Isn't this a weak spot?

From the primer PDF: “The first connection to the SAFE Network that a Vault or Client makes is to a MaidSafe bootstrap server, one of a number of servers run by MaidSafe to allow new machines to join. The public keys for these bootstrap servers are hard-coded into the Client software, so the communications between the network and the user are always encrypted, never in plain text.”

So there is a hardcoded set of IP addresses, all controlled by MaidSafe, for the clients to bootstrap themselves? I realize that it’s probably impossible to not do it this way, but isn’t this a major weak spot?

1 Like

There is a number of discussions over this and some interesting aspects to explore

  • bootstrap is cached so that when you rejoin you use previously used nodes that nearly always will be other nodes.
  • Maidsafe have said they will retire those nodes so that you have to join other nodes.
  • The nodes could be blacklisted by company or ISP or China or …
  • people will provide node IP addrs to bootstrap off (allow chinese etc to join without need for hardcoded nodes)
  • etc

Do some searches on boot strap and explore these topics.
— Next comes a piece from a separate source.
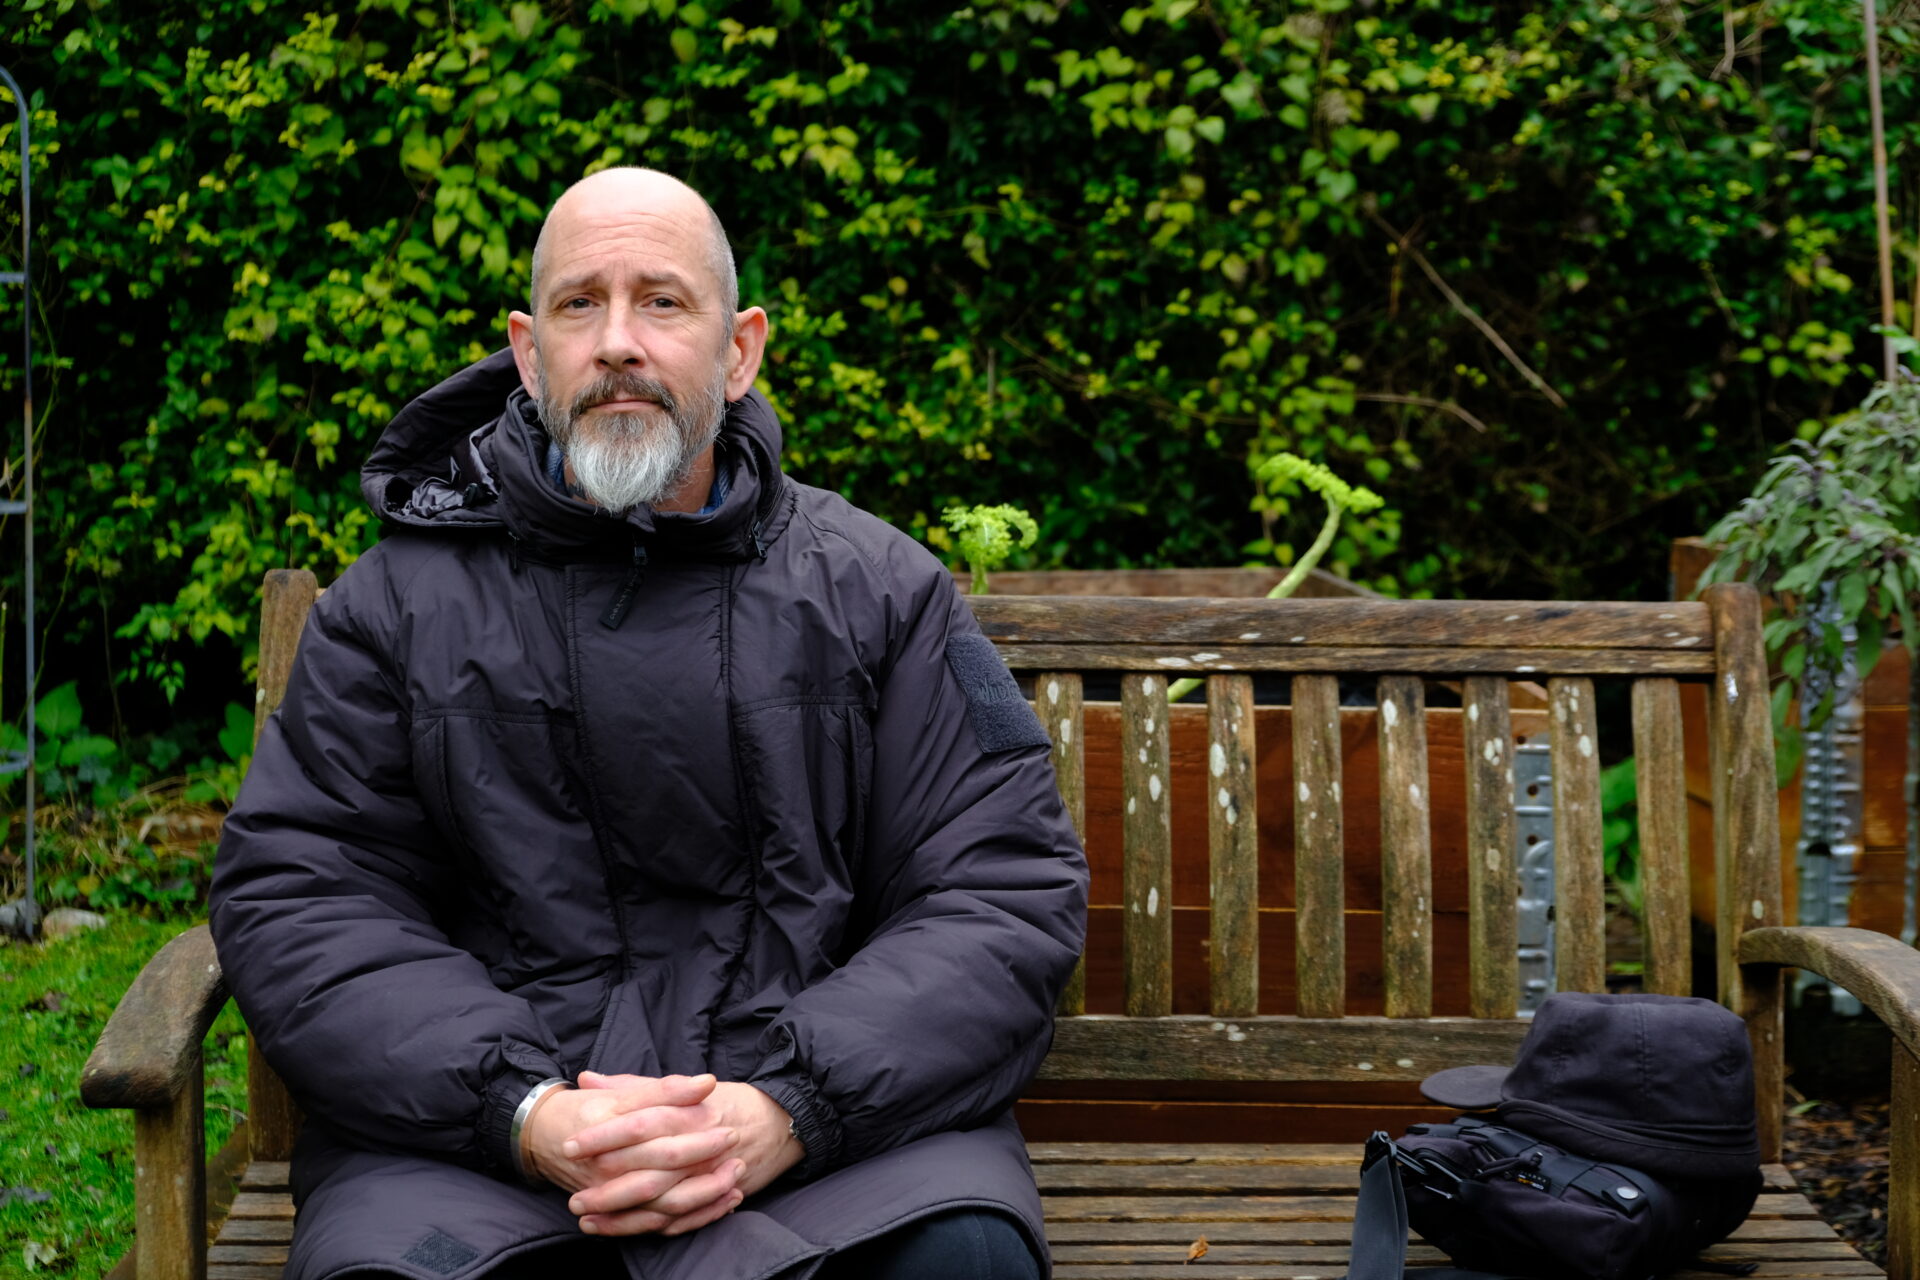 A white man with a smooth head and a grey beard is sitting on a garden bench. He is dressed in black and has a black bag next to him.
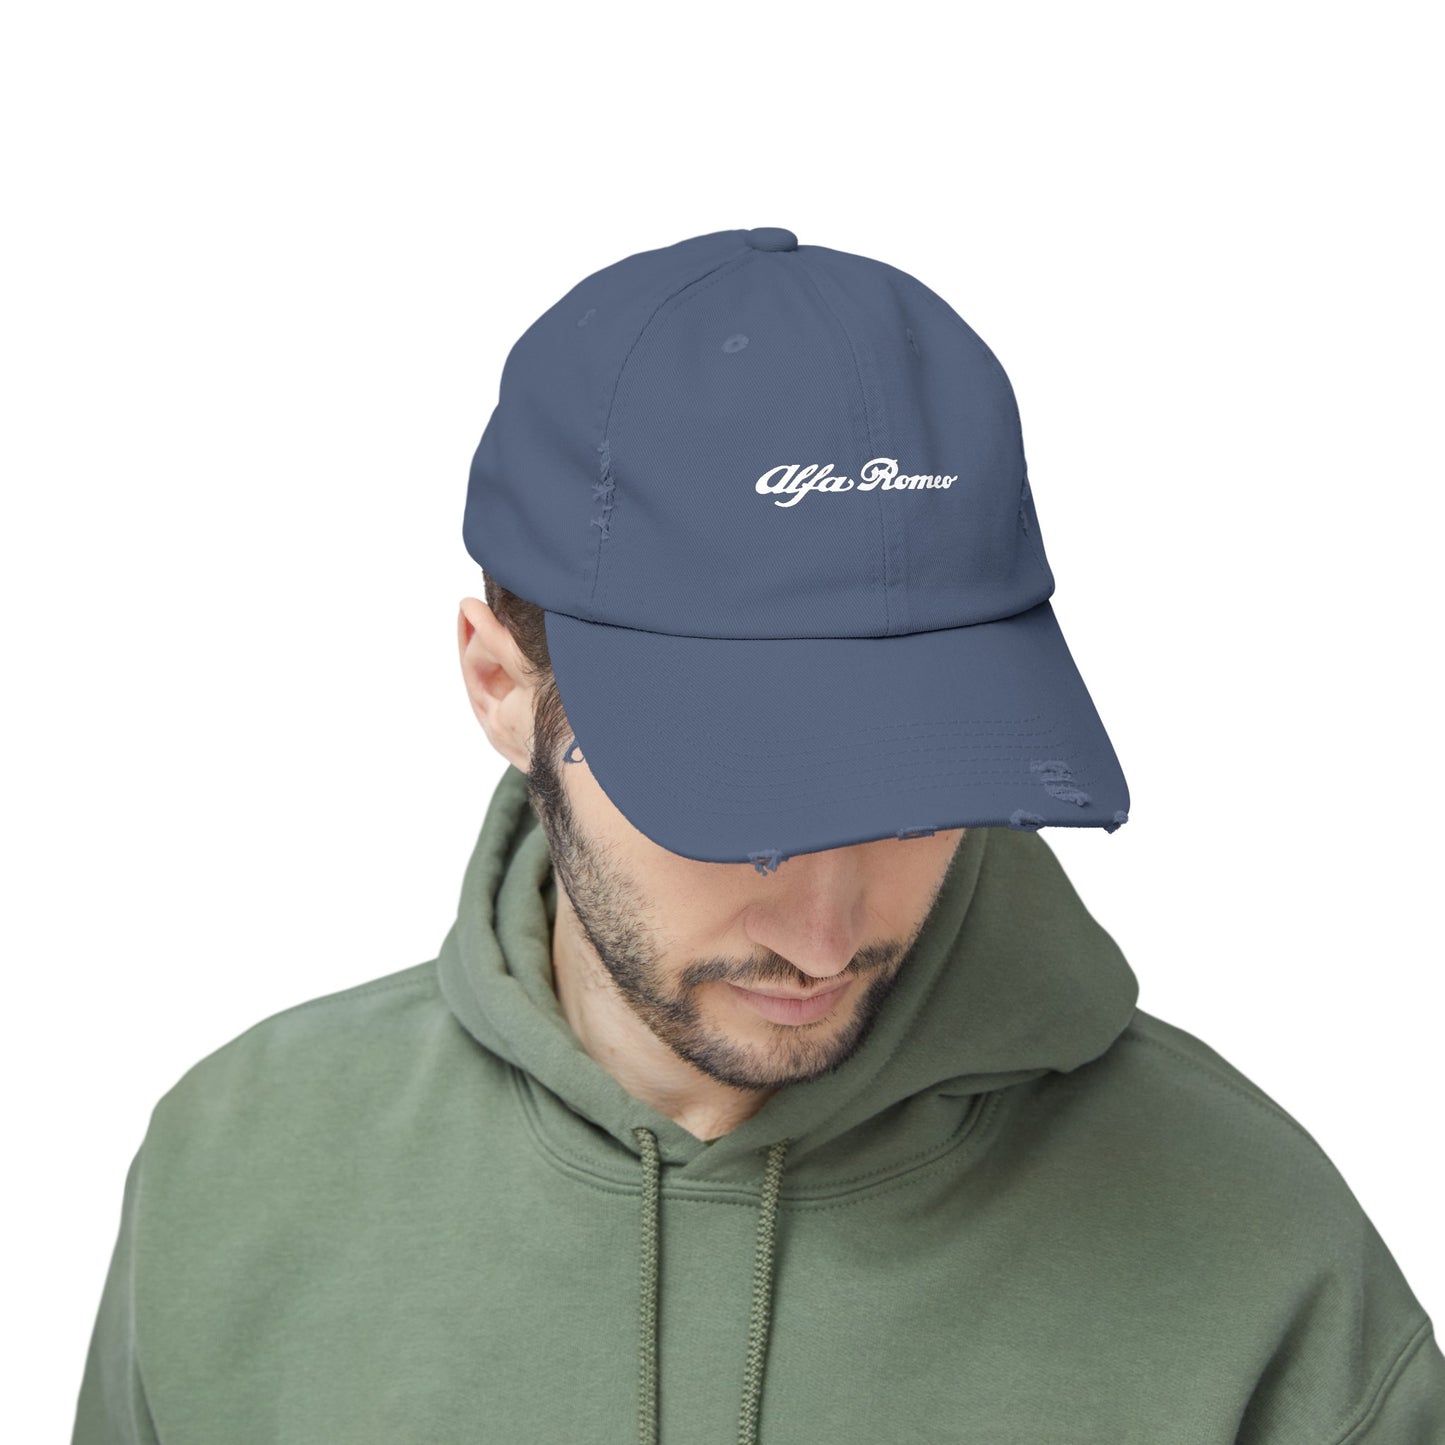 Alfa Romeo Script Logo Distressed Cap - Unisex 100% Cotton Twill - Adjustable Fit - Stylish and Durable - Perfect for Car Enthusiasts

Way to much to answer quickly

Basically this will be developed further when the code is further down the development stage and its considered perhaps a hindrance but not a weak point as such.


Yes, this was badly worded. This is the revised text

For a Vault to join the network it requires the IP addresses of other Vaults to connect to. For the initial connection MaidSafe provides a small number of bootstrap servers. These are internet-connected machines running the Vault software. The IP addresses of the bootstrap servers can be added to the new Vault’s configuration file, or it can connect to other Vault in the network if their IP addresses are known. The connection itself is fully encrypted, the randomly generated public keys of all valid Vaults being stored on the network, and the initial connection is dropped after the first hop when the new Vault connects to others in the network.


@EvilMaid was referring to the clients connecting though

While similar consequences, it is the majority of connections to the network since its every person browsing the safe network rather than the vaults/nodes.

1 Like

Perhaps this should be ‘For a node (Vault or Client) to join…’ then?


As far as I know the logic is similar. But it is 2 separate parts and there maybe differences since the node joins to many other nodes in a section, but a client connects to one or more relay nodes. But maybe the initial joining the network might follow the same logic — I just do not know.

1 Like

Bitcoin has the same problem and solution, at least conceptually speaking. Nodes need a way to find one another on the internet before they can join together to form a p2p network. A hardcoded list of servers (IP or dyn) are the first port of call, after which nodes can find and remember their ‘favourite’ peers to stay in touch with and maintain that list themselves. Bootstrapping is the difficult part and you are correct to consider this a weakness, at least though it is a weakness common to all[?] p2p system on the internet (Bittorrent too).

During the Arab Spring, and pursuant internet censorship controls, people resorted to graffiti-ing walls with google’s DNS server numbers which are intentionally easy to remember…


Yes, I think so. If I have understood correctly, both kinds of nodes (clients + vaults) have a common initial bootstrapping phase. This means that they can share the same contact list. This common list can be managed in several ways:

  • hard coded

  • cached from last session

  • exchanged between people (by mail, in web sites on clear net, text messages, …)

Edit: As shown by @opacey it can also be painted as graffiti on walls.


The bootstrapping methods mentioned are most efficient to quickly join, but Ipv4 address space isn’t that big… As the network grows what is the probability that a randomly selected address is already in the network? I think dirvine had mentioned the use of network beacons or other search methods for nodes and clients to knit themselves together without bootstrapping servers…


No reason that a contact address couldn’t be an IPv6 address (except that it is longer to paint on the wall :smile:).

1 Like

i guess he’s saying that there is a possibility of connecting to random ip addresses and hitting running vaults (+ ~2 random bytes for the random port).

1 Like

Yes, I probably shouldn’t have just said ipv4, didn’t want to get into talk about oodles of possible ip addresses when considering ipv6. Regardless, whether or not you are dealing with ipv4 vs. ipv6, as the network size grows there is a growing probability of selecting a random ip with port number and hitting a node on the network. In the beginning this probability is infinitesimally small, so knowing bootstrap nodes is vastly more efficient. However, if the network grows as intended, I don’t think it would take to long to find a node through a random walk. Granted, this is the least efficient fallback method in case the other (better) methods already discussed have failed.

1 Like

This is a very pertinent point. Here’s more info because imo this is a totally solved problem already

It will be very hard to spoof the real network using a malicious bootstrap. And even if it does happen the value to the attacker is probably not very high since login credentials stay local.

But if you’re running a malicious client which is the cause of the malicious bootstrap, well that’s gonna be a problem!